Dale cleared his throat uneasily. "It's not Sir Reginald, it's the officials at the bank and-Scotland Yard has charge of the affair. They want you to give them an exact account of your movements, what you did and where you went on the day you received and lost the cheque. It's the least you can do under the circumstances, my boy. You see, if the money's not recovered, I shall have to make it good."
Rupert nodded and said no more. His heart sank again. Yes, unless the bank recovered the money, whether his father was legally liable or not, Rupert knew that if it meant selling the old homestead and everything he possessed in the world to pay Sir Reginald, he would do so.
After all, perhaps he had won only to lose.
Before going to bed that night he knocked at the door of Marjorie's room, and he sat on the edge of her bed just as he had been accustomed to do in the old days when they were boy and girl together with not a thought in the world to trouble them, happy and contented in the life and work of the moorlands.
At first they talked of little things, things which had lost their importance to Rupert, but still went to make up life for Marjorie. Then she fell to questioning him, asking him about his life in London, and if he were happy.
"Somehow, you've changed," she confessed. "You don't look as well or so jolly as you used to.
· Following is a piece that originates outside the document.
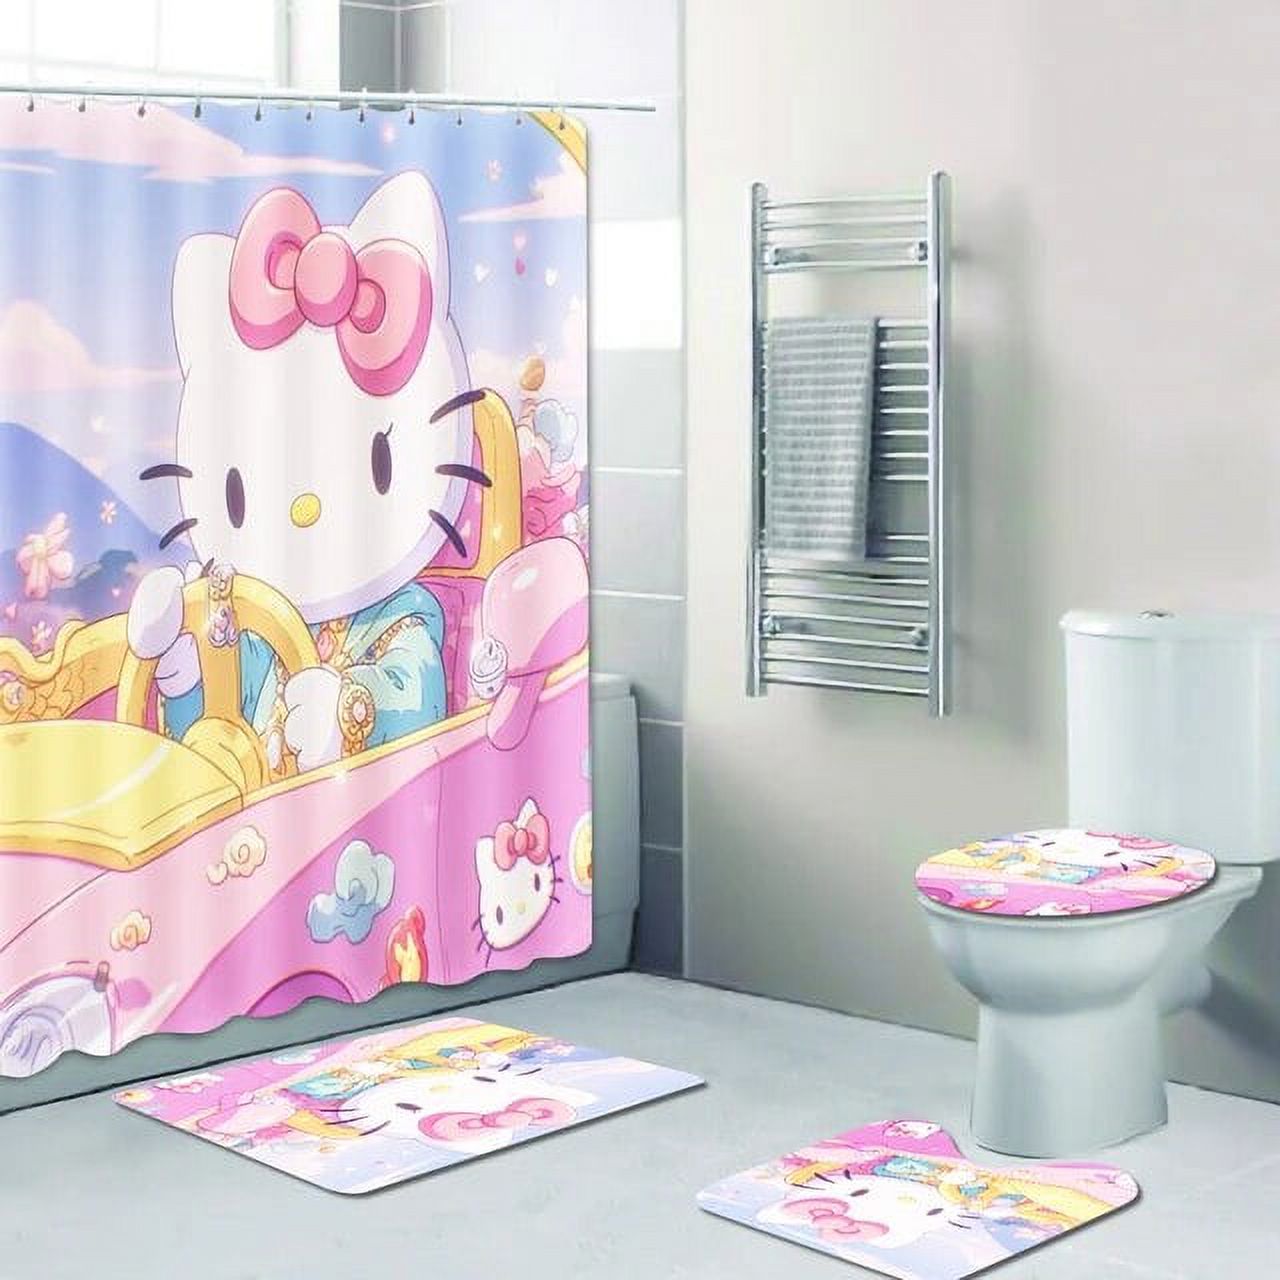 Jiayi Hello Kitty Cartoon Bathroom Mats Sanrio Curtain Bath Items Decorations And Shower Sets Full Set Accessories Anime 4 Piece - image 1 of 6

There's nothing seriously wrong, is there, old boy?"
He shook his head. "I'm all right. I've a secret which I want to tell you soon, but it's one that makes me happy, and I hope it will make you happy, too.... Of course, now you'll guess, but don't say anything. While I'm away I don't want you to be too much alone with Despard. He's all right, but he's a man's man-the sort of fellow who makes love to every pretty woman he sees. He can't help it, you know."
Marjorie sat up in her bed and laughed. "Is that a man's man?"
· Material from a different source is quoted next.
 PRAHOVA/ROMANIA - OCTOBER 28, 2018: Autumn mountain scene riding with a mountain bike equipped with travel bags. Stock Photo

Rupert did not reply, but continued: "Last night, as I was coming back from Post Bridge Hall, I saw you and young Crichton pass me on the bridge. I don't want to interfere, dear, but, somehow, I wondered whether-it looked as though you cared for one another, perhaps--"
Marjorie's cheeks grew the colour of red roses. And, looking at her, as she sat up in her little white bed, with her auburn hair falling in wild disorder about her shoulders, her sun-kissed arms and neck warm against the white lace of her nightgown, he realised for the first time with something like a shock how very beautiful she was. Being a brother he had taken her for granted. He had only looked at her with a brother's eyes. Now he saw her as a man sees a woman; young, in the first flush of youth with warm blood in her veins, a body moulded and made for love.
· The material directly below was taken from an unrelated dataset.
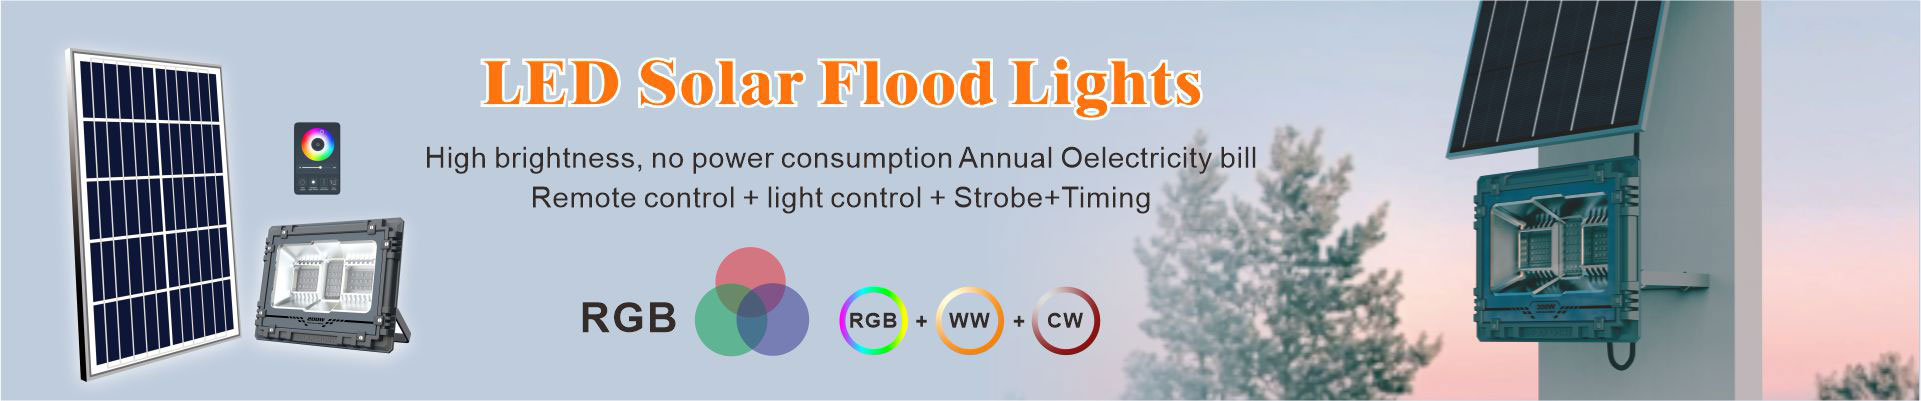 LED Solar Flood Lights

"Yes, we do love one another," she whispered. "He wants me to marry him one day, but I haven't promised yet. Our positions are so different. I'm not good enough for him."
Rupert laughed. "You, not good enough!"
Marjorie nodded. "That's just what he said when I told him. But it's true. I'm only a farmer's daughter; he's the son of a gentleman. Don't say anything more, dear," as Rupert was about to reply. "Time will tell. If we really care for one another we can both wait until we're quite sure."
Bending down Rupert kissed his sister very gently. There were tears in his eyes. He rose from the bed and blew out the candle and the room was in darkness.
"To tell you the truth, I've been a bit of a rotter since I've been in London," he said, finding it easier to speak in the darkness. "Owing to my stupidity and selfishness, I've got to go up to town to-morrow, but it will only be for a couple of days, and when I come back I'll tell you my secret. For I've fallen in love, Marjorie. I'm beginning to feel as you do-that I'm not good enough for her.... She's wonderful."
He groped his way towards the door and opened it.
"I'm glad, dear," Marjorie whispered. "Good-night."
"Good-night," he replied as he shut the door quietly and went to his own room.
Perhaps it was true. Marjorie was only the daughter and he the son of a farmer. That was why he had made such a mess of things in London. But his eyes had been opened just in time. Love had opened them.
A farmer's son. But his father's ambition should be realised. He would learn to be a man and a gentleman.